In less than a week, Prime Minister Nouri al-Maliki and the parliamentary Shiite parties bowed to Barzani’s ultimatum. The role that US officials played is not known, but there is growing concern in Washington about a lengthy delay in the election and a disruption to troop withdrawal plans.
The new law will allot seats to each province based on the seat allocation in December 2005, plus additional seats calculated by assuming a uniform 2.8 percent annual population growth. The overall number of seats will increase from 275 to around 320, but the proportion from each province will not change. The losers are the Sunni majority areas, where large numbers of people were not registered when the 2005 allocation was determined.
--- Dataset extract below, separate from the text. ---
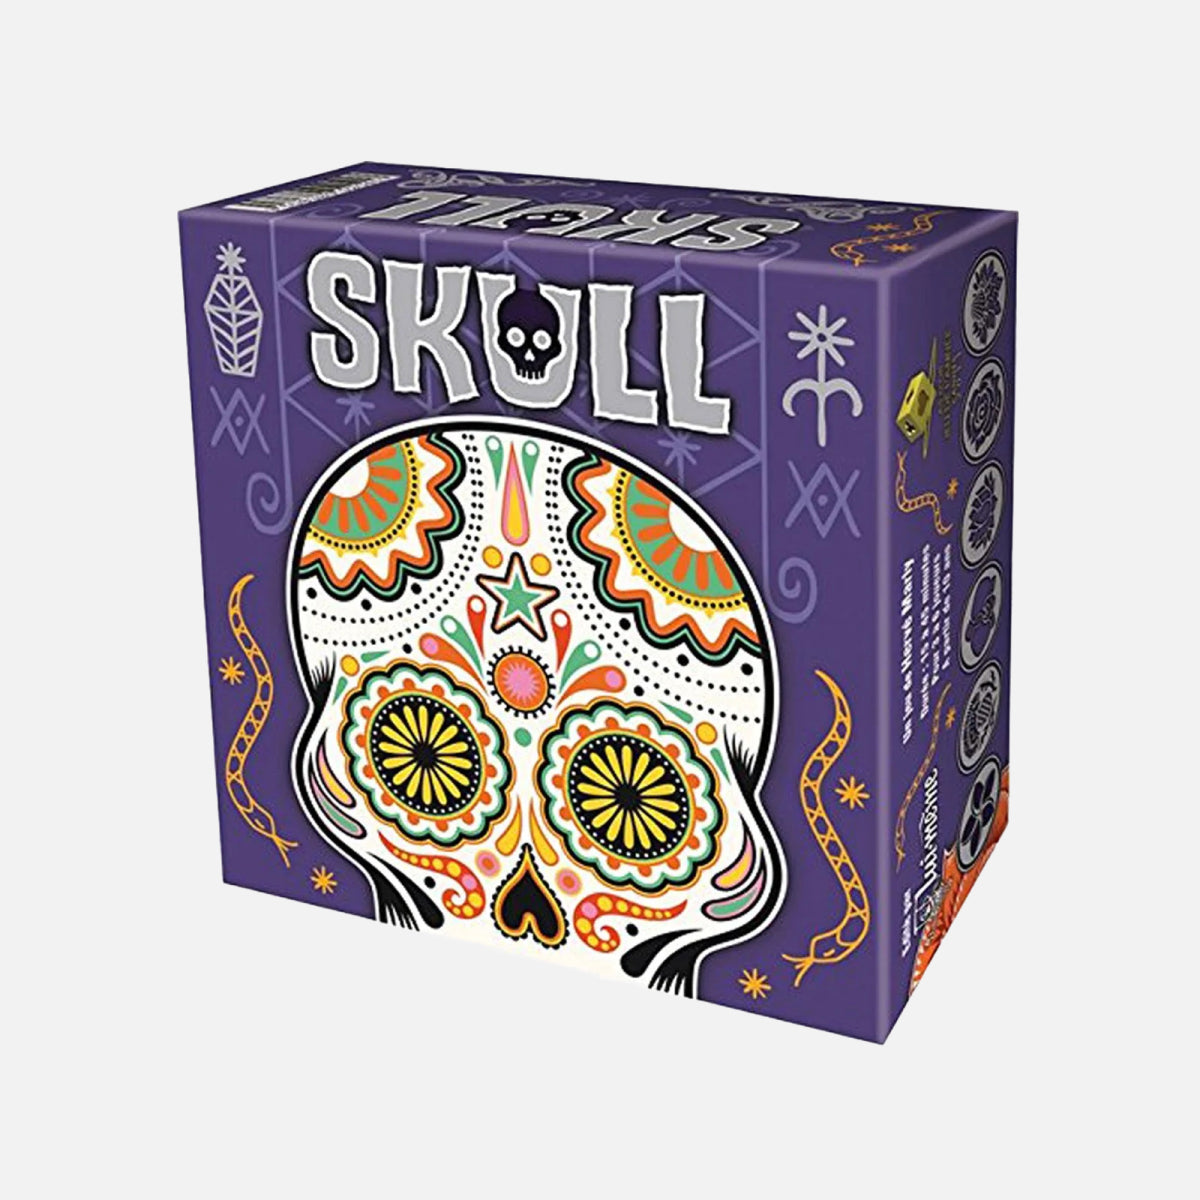 Skull board game
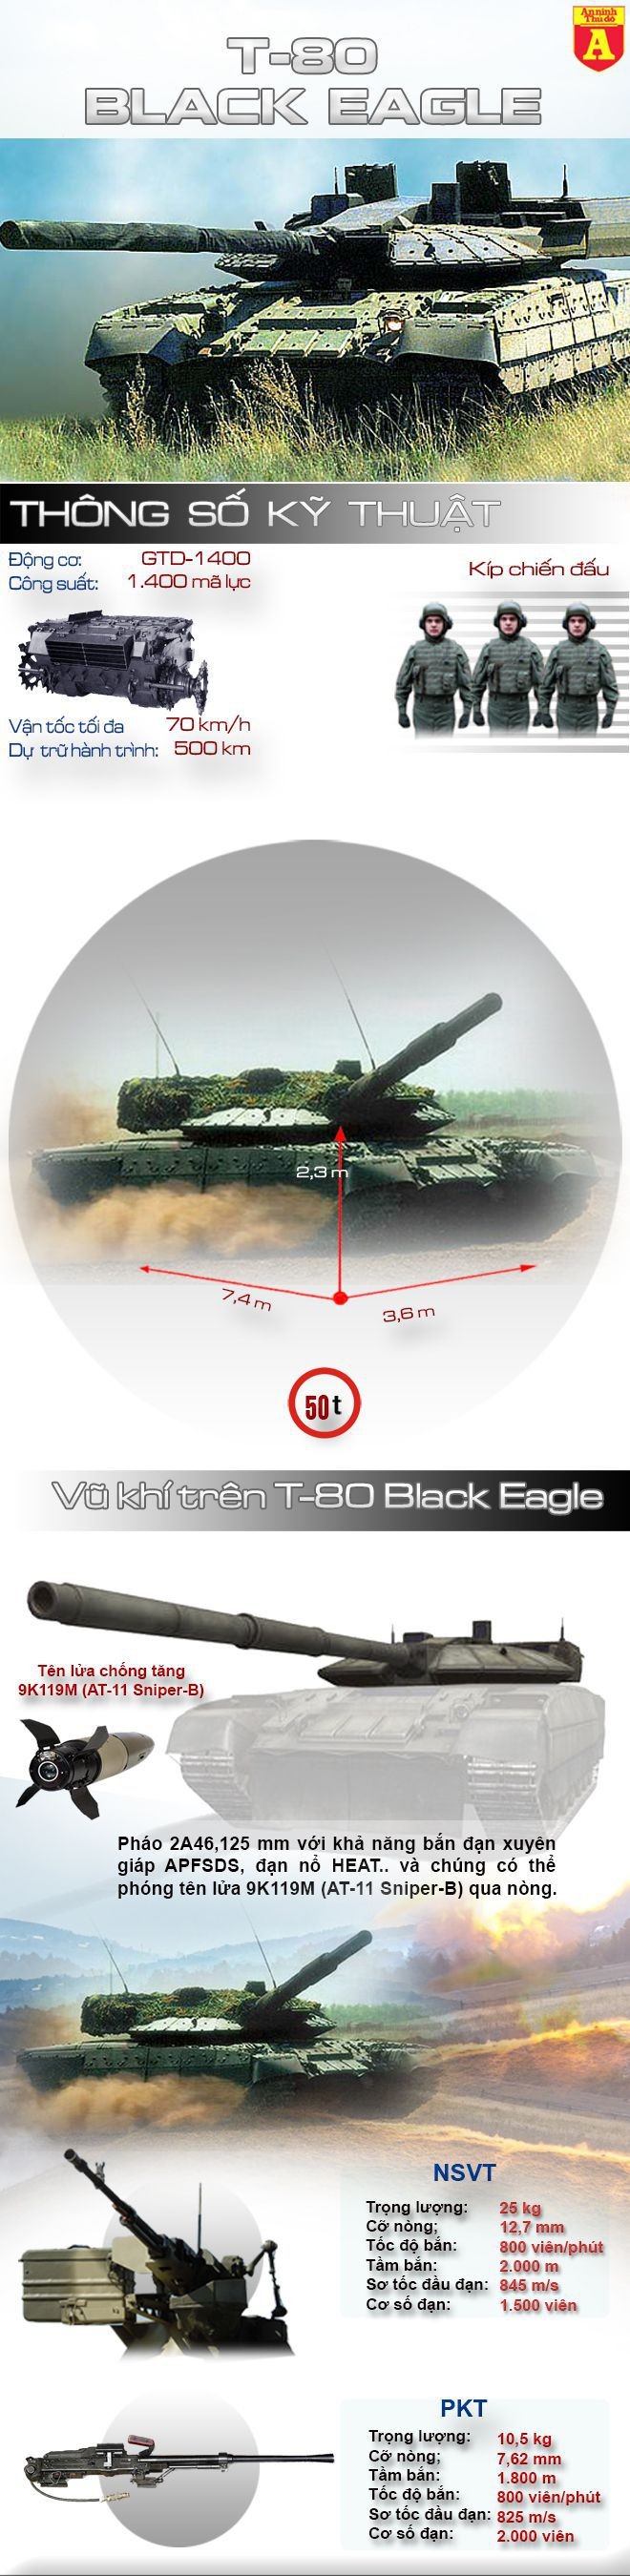 [Infographic] T-80UM2 Black Eagle – Siêu tăng chết yểu của Nga ảnh 1

Under the method rejected by Barzani, provinces with large Sunni populations such as Nineveh, Salahuddin and Anbar would have increased their representation.
Moreover, far from increasing the seat allocation for the refugee population, the new legislation provides none at all. If refugees cast a ballot outside Iraq, they will simply be counted in the province where they originally resided.
Predictably, the law provoked outrage among Sunni and secular politicians. Dozens stormed out of the parliament as the vote was being taken. The legislation was passed by just 133 legislators from Maliki’s Da’wa Party, the Shiite Islamic Supreme Council of Iraq (ISCI), the Shiite Sadrist tendency and the Kurdish bloc.
Hashemi may veto the law again, threatening another protracted period of wrangling and delay. In order to override a second veto, 60 percent of legislators must vote it down when parliament meets again, which is not until December 8. The head of the Iraqi election commission has already stated the election will “most probably” have to be postponed until February at the earliest.
The sidelining of the Sunni and refugee populations has another significant implication. It dramatically undermines the attempt by Maliki since early 2008 to portray himself as a non-sectarian Iraqi nationalist, rather than the representative of Shiite fundamentalist parties and a puppet kept in power by the US occupation.
Hashemi must have calculated—wrongly—that his demand for greater refugee representation would get the support of Maliki and his Da’wa Party. At the beginning of the year, Da’wa split from its coalition with the ISCI and formed a new electoral front called “State of Law”, which was joined by some Sunni groupings. In the coming election, State of Law is standing against a bloc that includes the ISCI, the Sadrists and a number of other Shiite religious groupings. Maliki has repeatedly sought to put himself forward as the representative of “national unity” over communalism.
Maliki’s response to the Kurdish demands over the election law, however, highlights how entrenched ethno-sectarian divisions are in the state structures imposed on Iraq by the US. No government can rise above them. For all his nationalist rhetoric, Maliki would be powerless to prevent the Kurdish authorities from blocking the election in the Kurdish region. In the final analysis, his government could not enforce a decision of the Iraqi parliament inside the KRG without risking civil war.
To satisfy US demands for the election to take place without lengthy delays, the main Shiite parties have come together temporarily and given the Kurdish nationalists what they wanted. In doing so, they have further alienated the Sunni factions and broader Sunni population, whose position is that of a repressed and marginalised minority. The result could be a resurgence of armed resistance to the US occupation and the Maliki government, as well as an upsurge of sectarian violence.
Amid the media focus on Afghanistan, the Stratfor thinktank, which is close to the US intelligence agencies, published a comment on November 20 about “America’s other war”, warning: “So far, the Sunni insurgency that prompted the US surge has remained quiet; the Sunnis have waited to see if the political solution would work its magic. As the date for elections draws closer, however, the chance that this faction could revive its violent activities grows.”